**The data:**
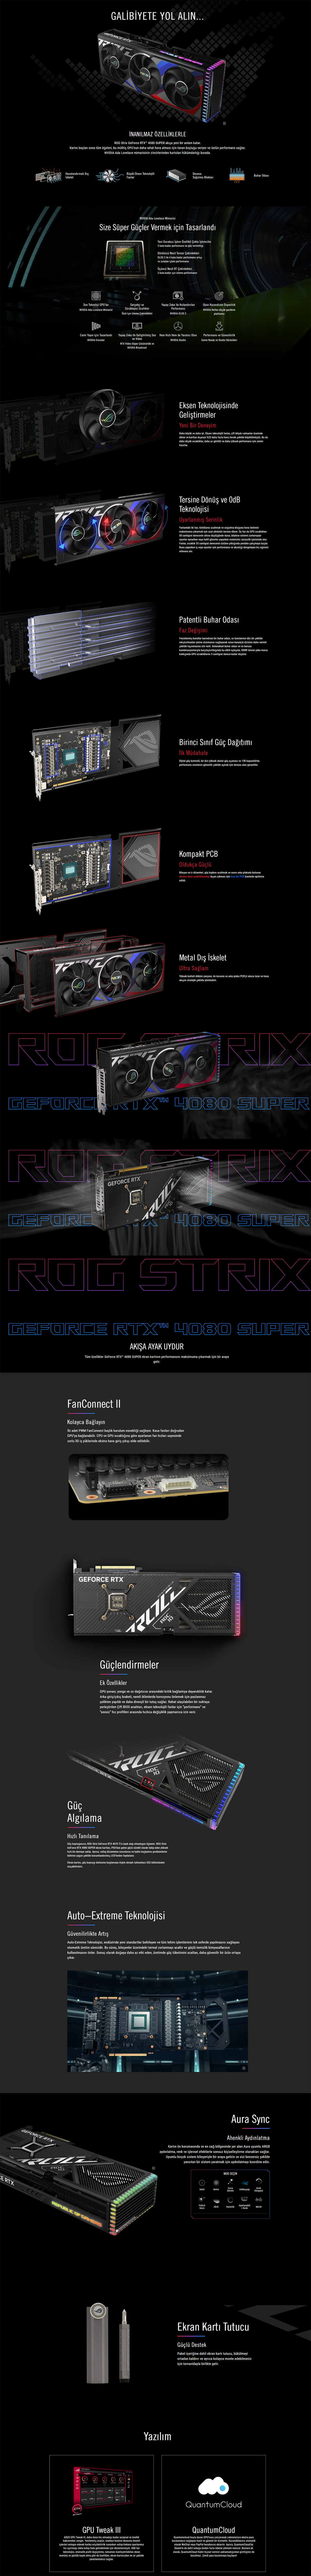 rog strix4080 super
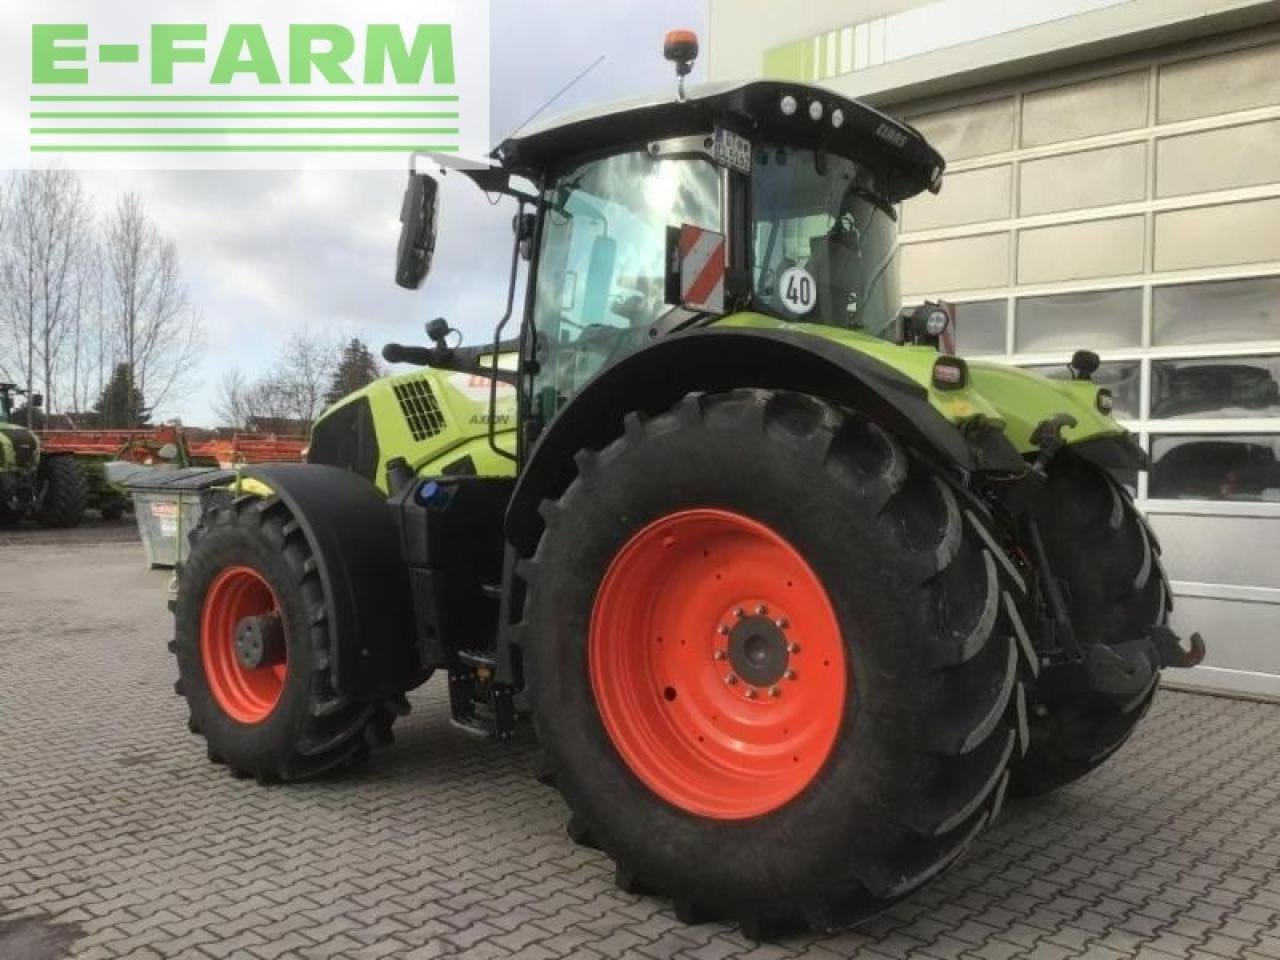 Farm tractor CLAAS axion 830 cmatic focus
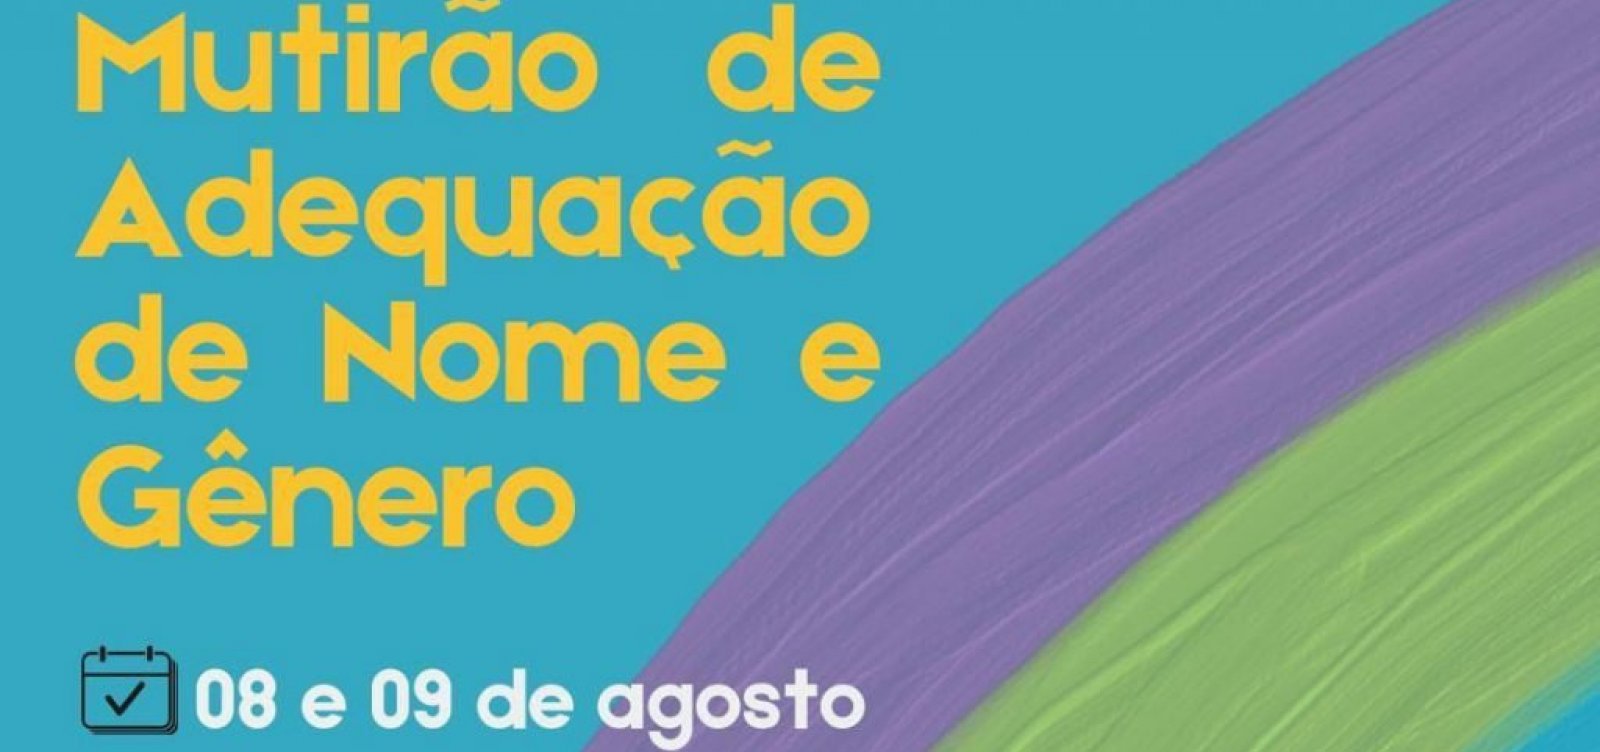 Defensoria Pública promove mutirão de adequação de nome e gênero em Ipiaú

**Exercise:** Repeat the data exactly, dropping every picture it holds.

**Exercise answer:**
 rog strix4080 super
 Farm tractor CLAAS axion 830 cmatic focus
 Defensoria Pública promove mutirão de adequação de nome e gênero em Ipiaú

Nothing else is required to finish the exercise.